# Matrices as derivatives

If you don't know about matrices (at least how to multiply them), read `http://www.mathsisfun.com/algebra/matrix-multiplying.html` first. (This is very elementary.)

Now, if you have m functions of n variables each, then you can put their partial derivatives into an m-by-n matrix; for example, if you have 2 functions of 3 variables each, say u = f(x, y, z) and v = g(x, y, z), then the partial derivatives fit into a 2-by-3 matrix

 ⎡ ∂u/∂x ∂u/∂y ∂u/∂z ⎤ ⎣ ∂v/∂x ∂v/∂y ∂v/∂z ⎦;
we may call this matrix d(u, v)/d(x, y, z). You can also think of this as the result of applying the matrix of functions
 ⎡ D1f D2f D3f ⎤ ⎣ D1g D2g D3g ⎦,
which may be called D(f, g). Then we have d(u, v)/d(x, y, z) = D(f, g)(x, y, z).

If you have an ordinary function y = f(x), you can think of this as a group of only 1 function of only 1 variable each, so that d(y)/d(x) = D(f)(x) is a 1-by-1 matrix, consisting of a single entry, which is the usual derivative dy/dx = f′(x). That is, d(y)/d(x) = [dy/dx], and D(f) = [f′].

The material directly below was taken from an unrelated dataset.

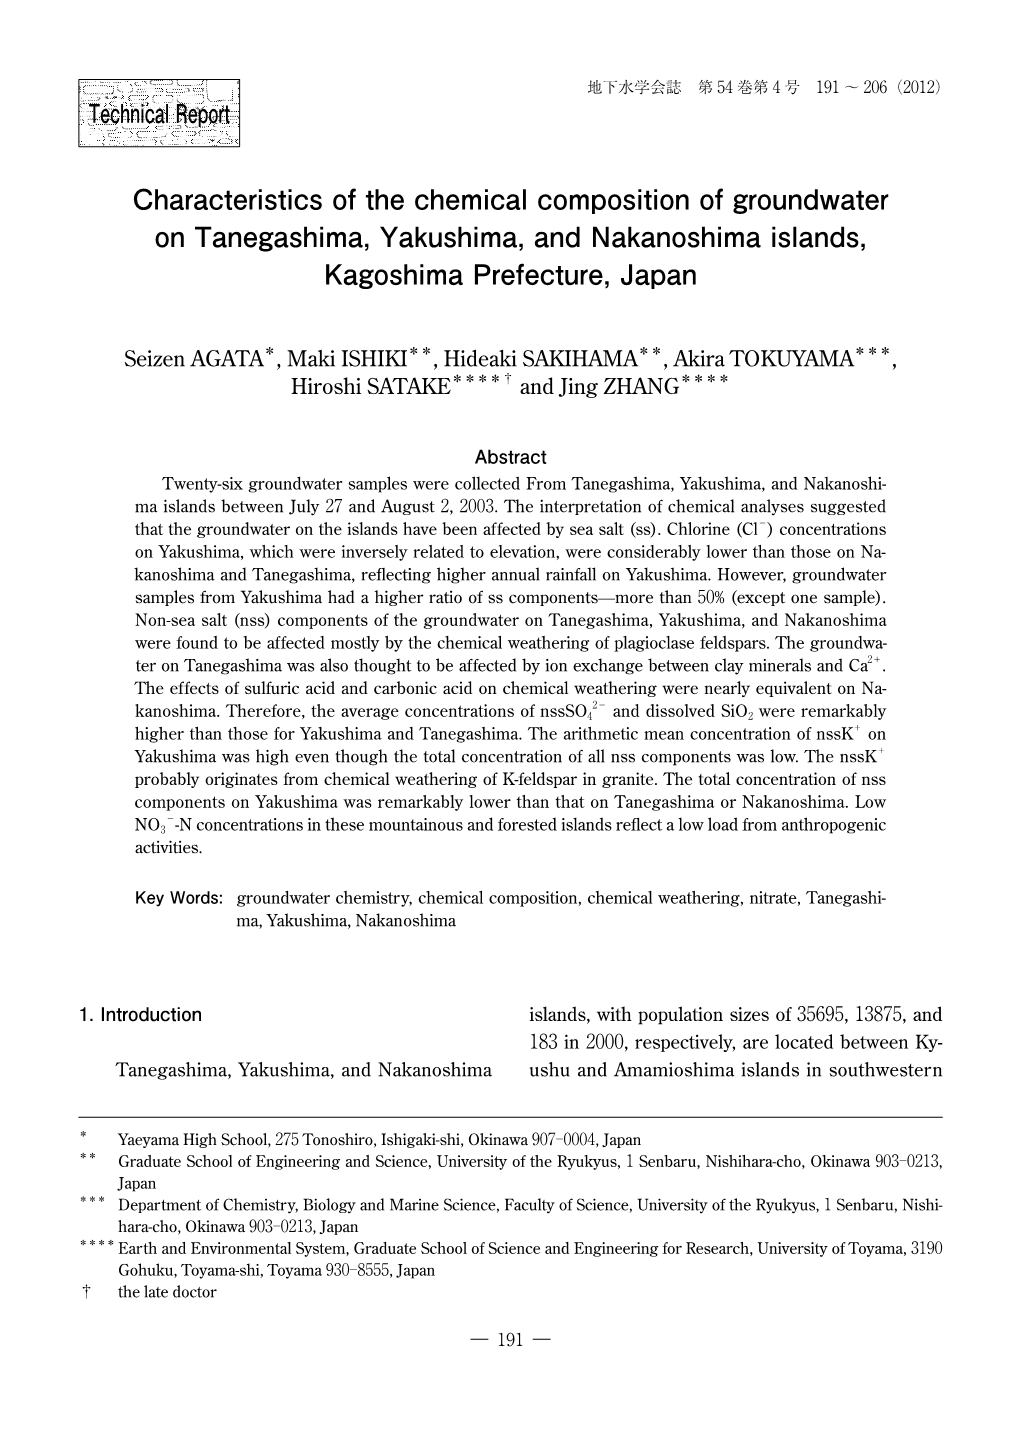 Characteristics of the Chemical Composition of Groundwater on Tanegashima, Yakushima, and Nakanoshima Islands, Kagoshima Prefecture, Japan
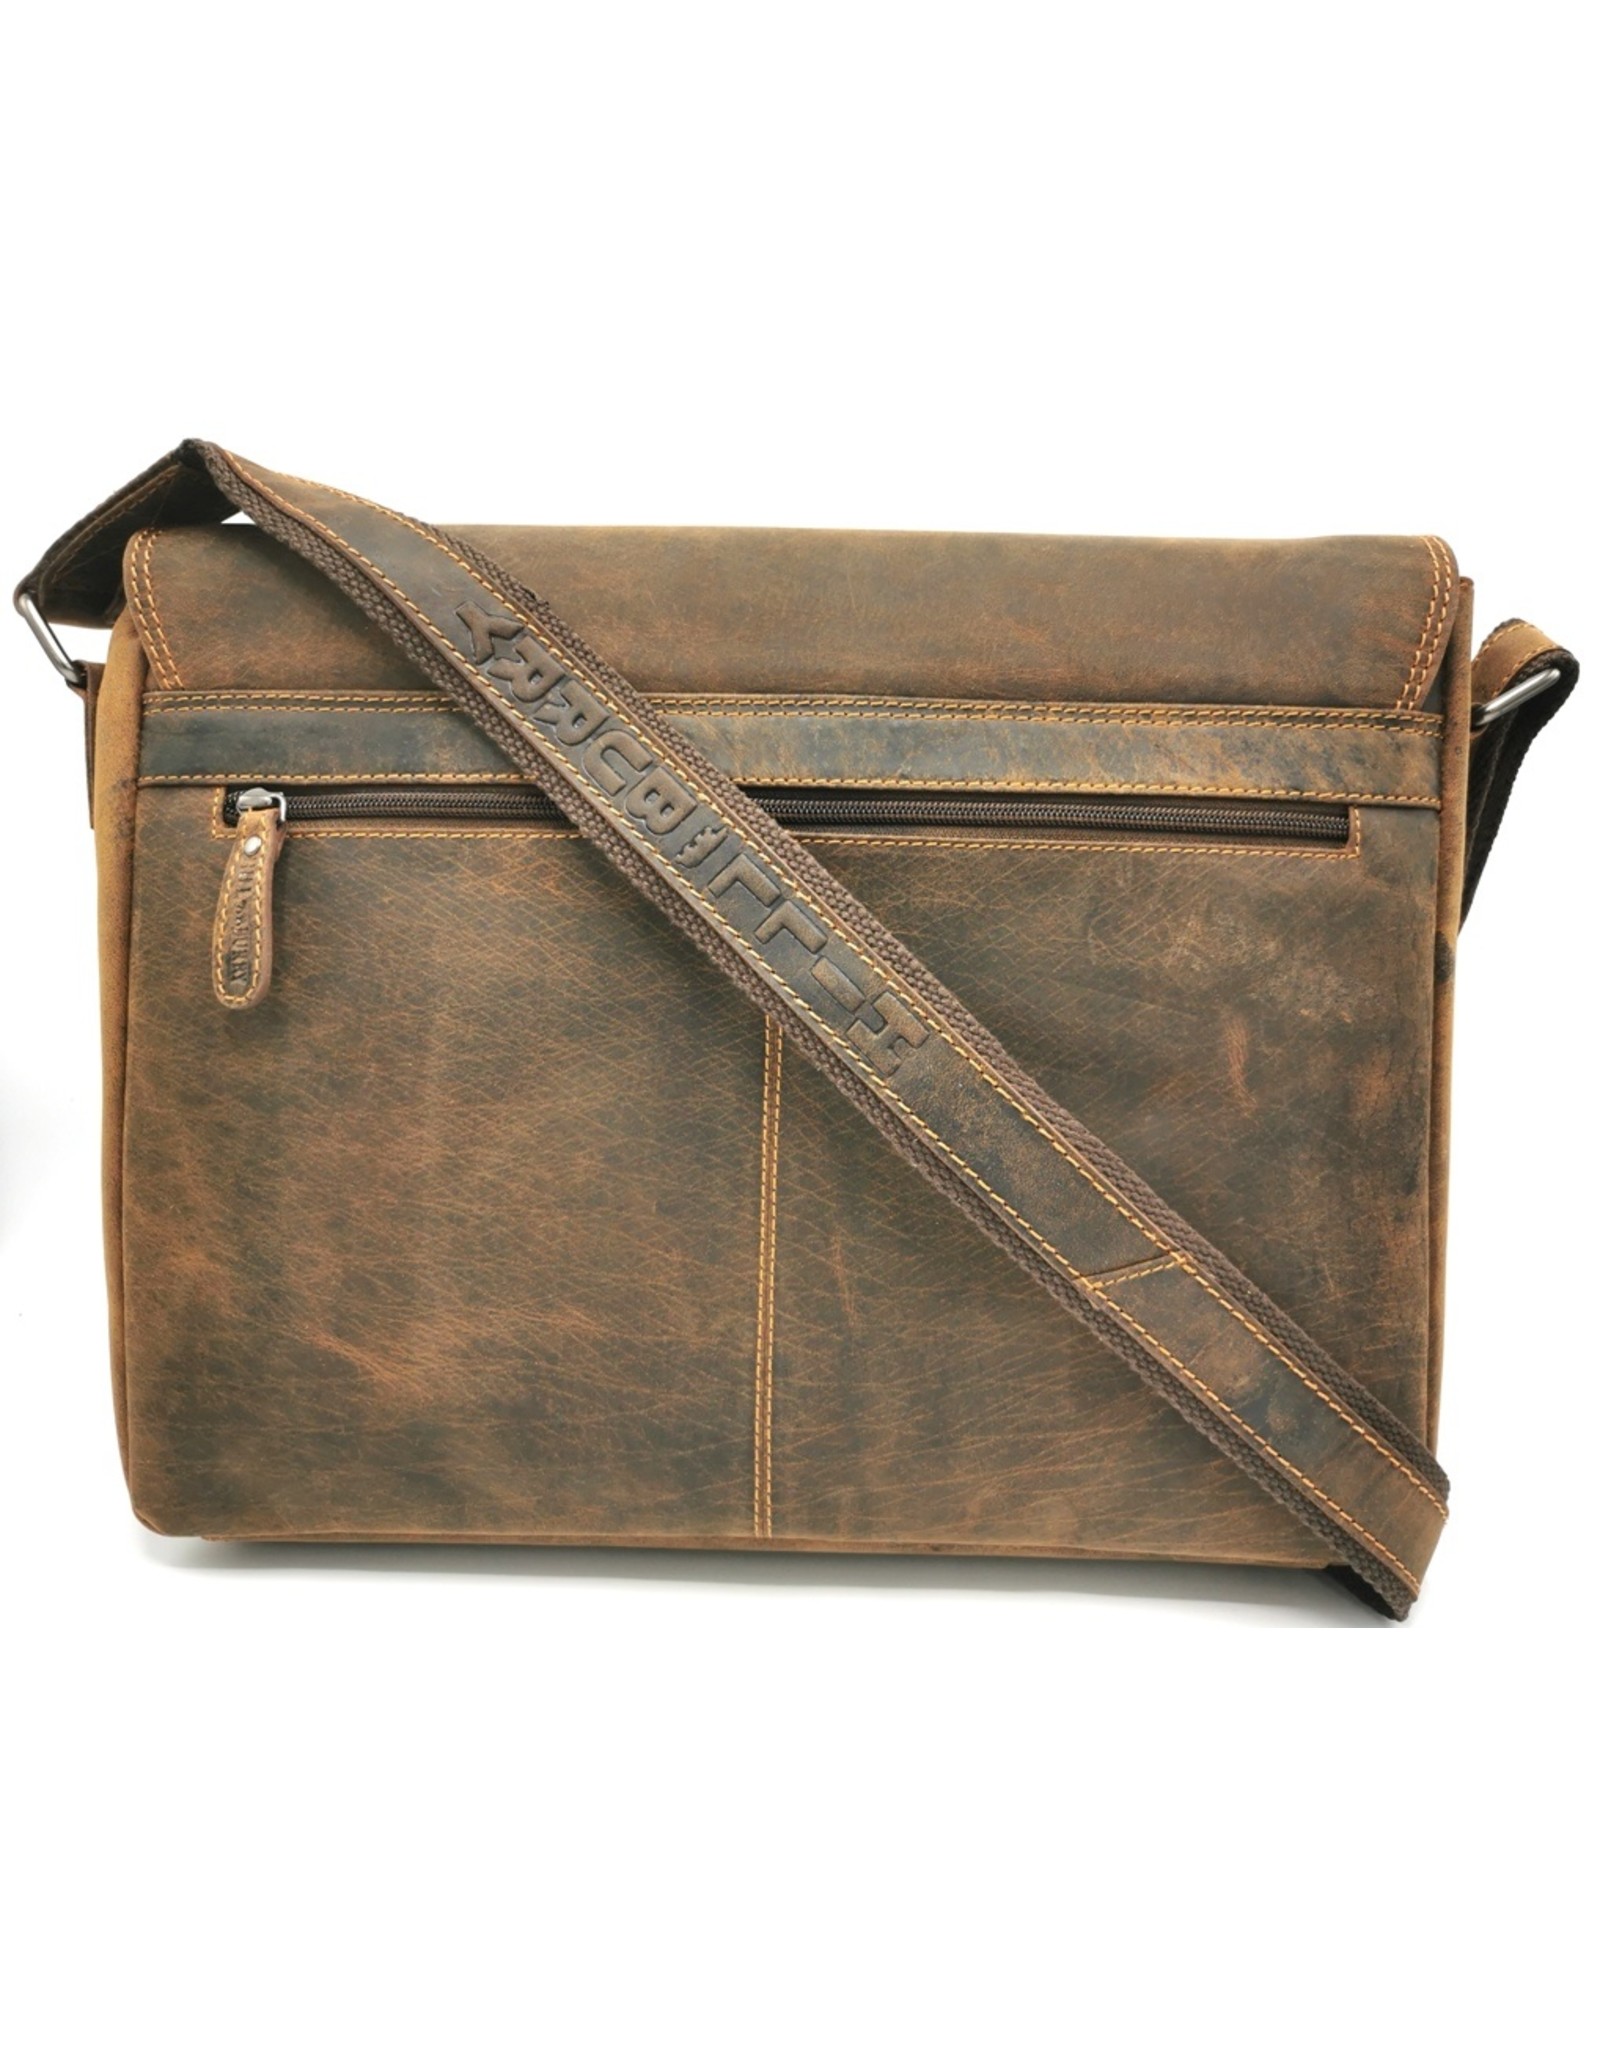 HillBurry Leather bags - HillBurry Leather Laptop bag-workbag buffalo leather 15,6"

If you have a parametrized curve in 3 dimensions, say P = (x, y, z) = (f(t), g(t), h(t)), then this is a group of 3 functions of 1 variable each, so that d(x, y, z)/d(t) = D(f, g, h)(t) is a 3-by-1 matrix, consisting of a single column with 3 entries, which are the components of the velocity vector dP/dt = ⟨f′(t), g′(t), h′(t)⟩. (For this reason, ordinary vectors that represent change of a point are sometimes called column vectors.)

If you have a function of 3 variables, say u = F(x, y, z), you can think of this as a group of 1 function of 3 variables each, so that d(u)/d(x, y, z) = D(F)(x, y, z) is a 1-by-3 matrix, consisting of a single row with 3 entries, which are the components of the gradient vector ⟨∂u/∂x, ∂u/∂y, ∂u/∂z⟩ = ∇F(x, y, z). (For this reason, vectors such as gradients that represent change with respect to a point are sometimes called row vectors.)

If you have both (x, y, z) = (f(t), g(t), h(t)) and u = F(x, y, z), then composition makes u an ordinary function of t; specifically, u = F ∘ (f, g, h). Recall the defining property of the gradient from page 26 of my notes: (F ∘ (f, g, h))′(t) = ∇F(f(t), g(t), h(t)) · ⟨f′(t), g′(t), h′(t)⟩; or du/dt = ⟨∂u/∂x, ∂u/∂y, ∂u/∂z⟩ · ⟨dx/dt, dy/dt, dz/dt⟩. The same thing can be expressed using matrix multiplication as d(u)/d(t) = d(u)/d(x, y, z) d(x, y, z)/d(t), because a matrix row by a matrix column are multiplied by the same method as the dot product.

More generally, all of the forms of the Chain Rule in Section 13.4 of the textbook can be expressed using matrix multiplication. If a point R (in any number of dimensions) is a function of a point Q (in any number of dimensions), which is a function of a point P (in any number of dimensions), then dR/dP = dR/dQ dQ/dP.